More than one in three of these abortion were obtained in states that are now certain or likely to ban abortion.
Black women are expected to be disproportionally impacted by the decision.
More Black women live in states that will ban abortion and those living in southern states – with the most restrictive laws – will bear the brunt. For example, Black people make up about 38 per cent of Mississippi’s population, according to recent Census data, compared to about 13 per cent of the U.S. population overall.
The Supreme court’s three liberal justices — Stephen Breyer, Sonia Sotomayor and Elena Kagan — issued a jointly authored dissent after the decision.
“Whatever the exact scope of the coming laws, one result of today’s decision is certain: the curtailment of women’s rights, and of their status as free and equal citizens,” they wrote.
As a result of Friday’s ruling, “from the very moment of fertilization, a woman has no rights to speak of. A state can force her to bring a pregnancy to term, even at the steepest personal and familial costs,” the liberal justices added.
Some companies in the U.S., including Starbucks, Netflix, Uber, Walt Disney Co, and Amazon.com, have started to introduce benefit policies for workers who may need access to abortion services in response to the landmark ruling being overturned.
Scotiabank, the third-largest bank in Canada, also said it will pay for travel costs for American employees in states that restrict abortion access.
According to a June 24 statement from the United Nations Population Fund (UNFPA), nearly half of all pregnancies in the world are unintended. More than 60 per cent of these unintended pregnancies end in abortion.

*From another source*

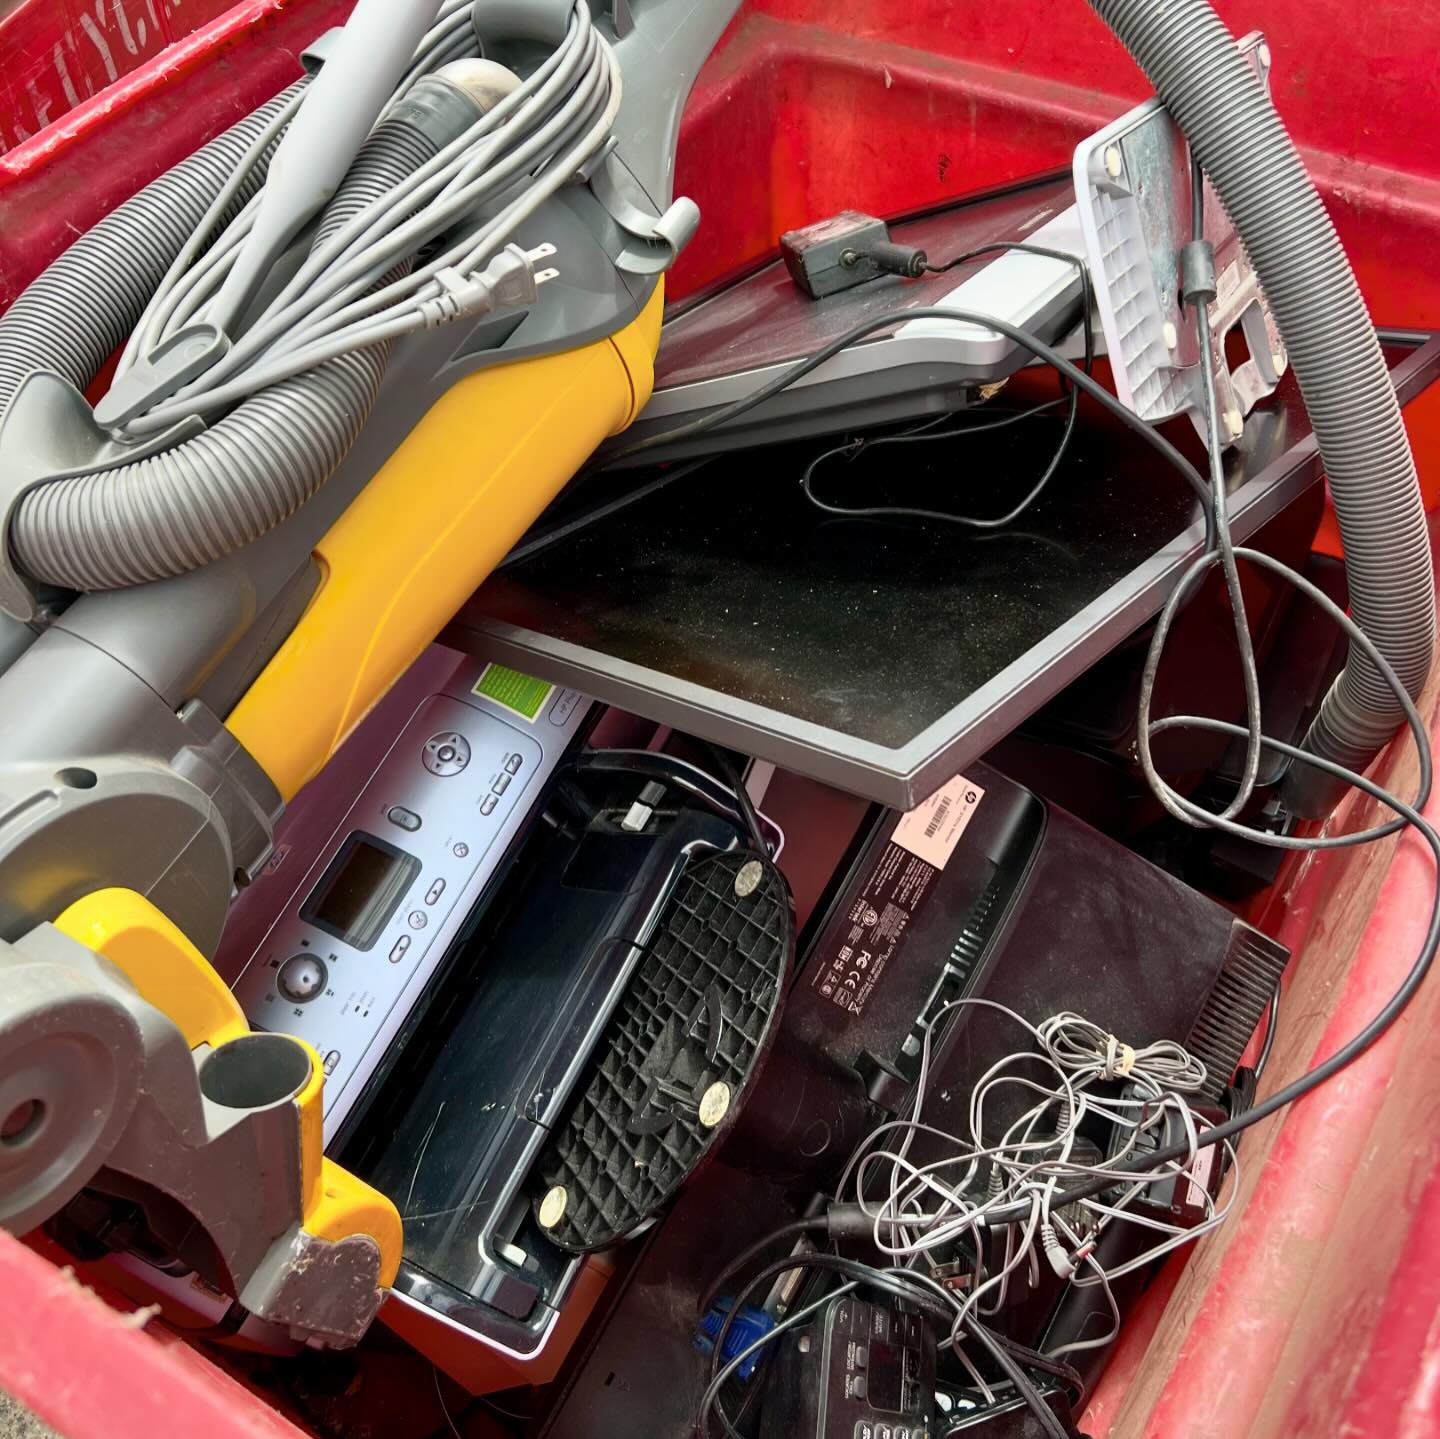 Thank you to everyone who supported our electronics Recycling fundraiser! Cords, TVs, printers, metal, vacuums and more won&rsquo;t end up in a landfill. ♻️ 🌎 💚 #adventmedfield #episcopalchurch #medfieldma #electronicsrecycling #creationcare #dioma
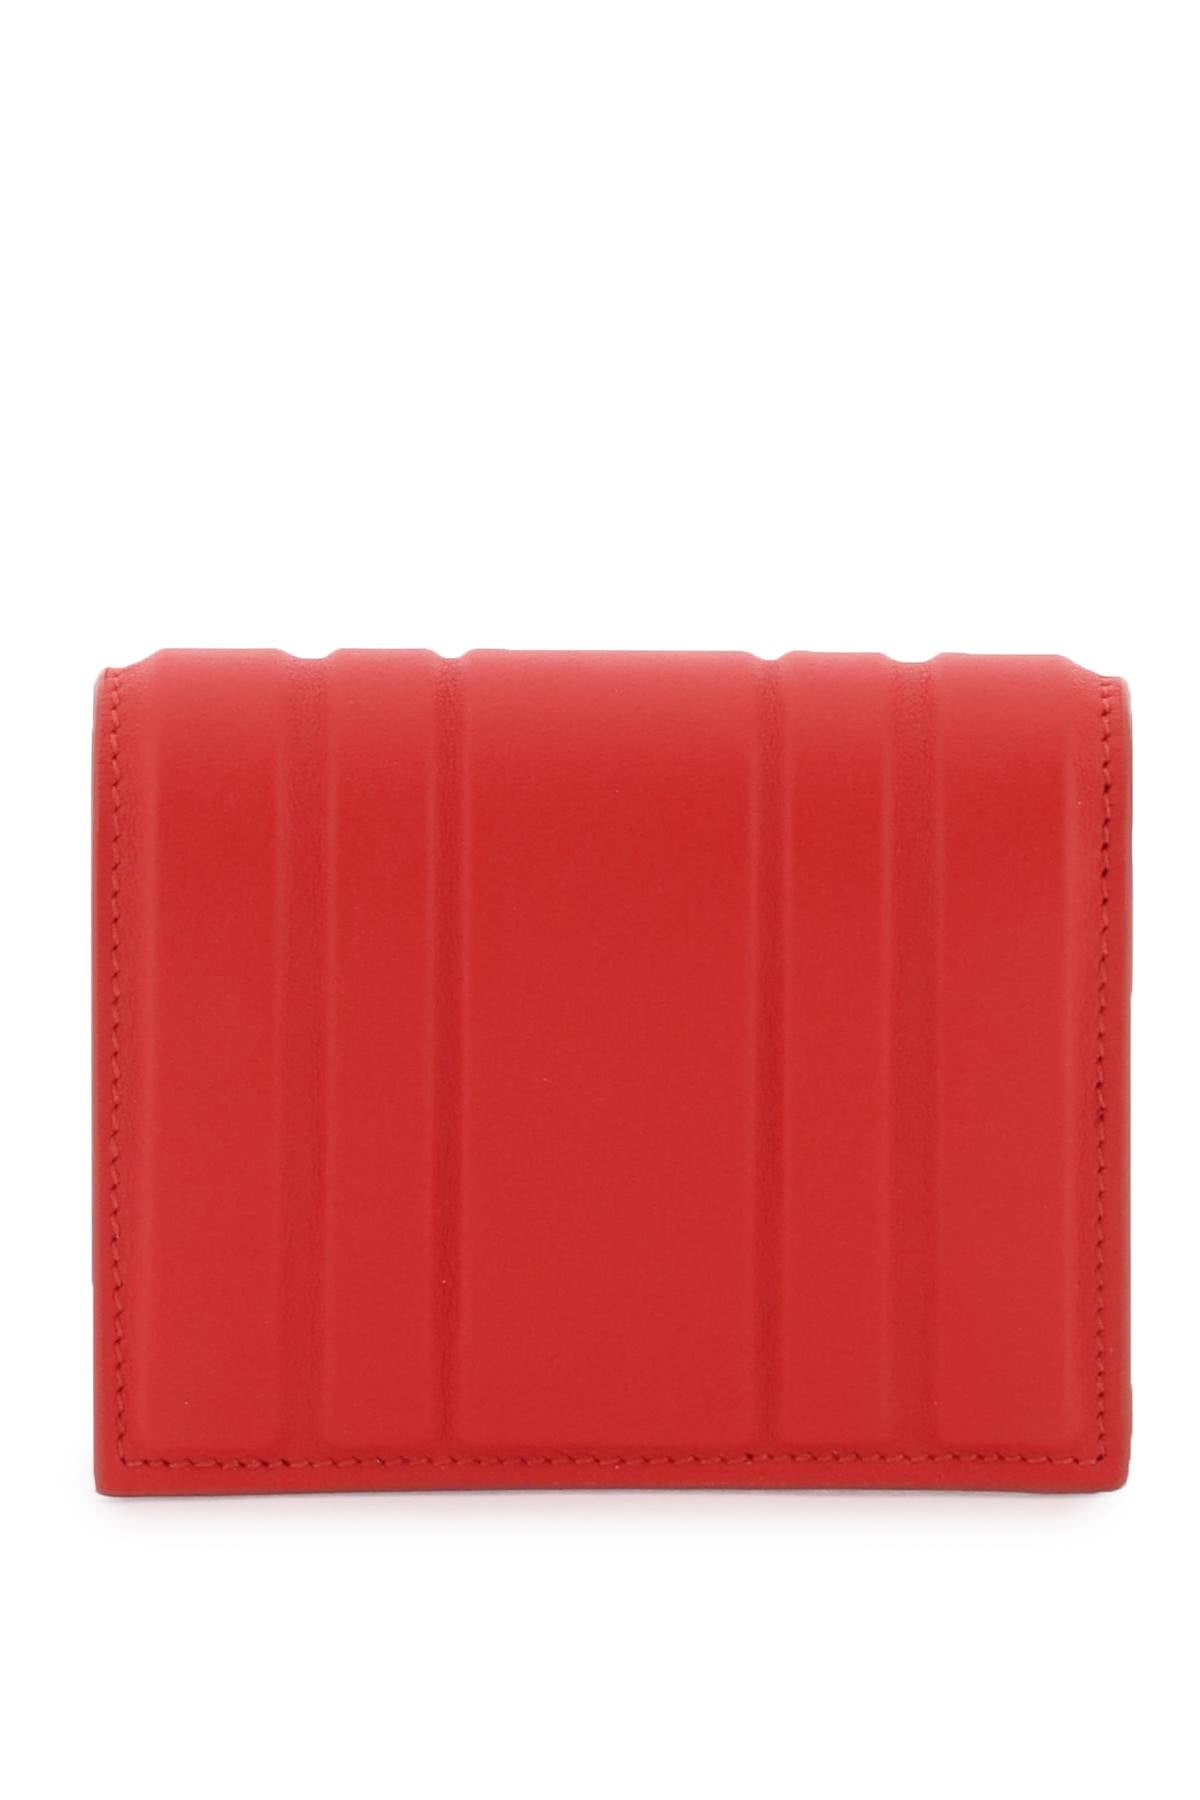 CHLOÉ Red Matte Leather Wallet with Gancini Hook Ornament for Women

Of all abortions around the world, 45 per cent are unsafe, according to the UNFPA. This is the leading cause of maternal death.
“Almost all unsafe abortions currently occur in developing countries, and UNFPA fears that more unsafe abortions will occur around the world if access to abortion becomes more restricted,” they said in the statement. “Decisions reversing progress gained have a wider impact on the rights and choices of women and adolescents everywhere.”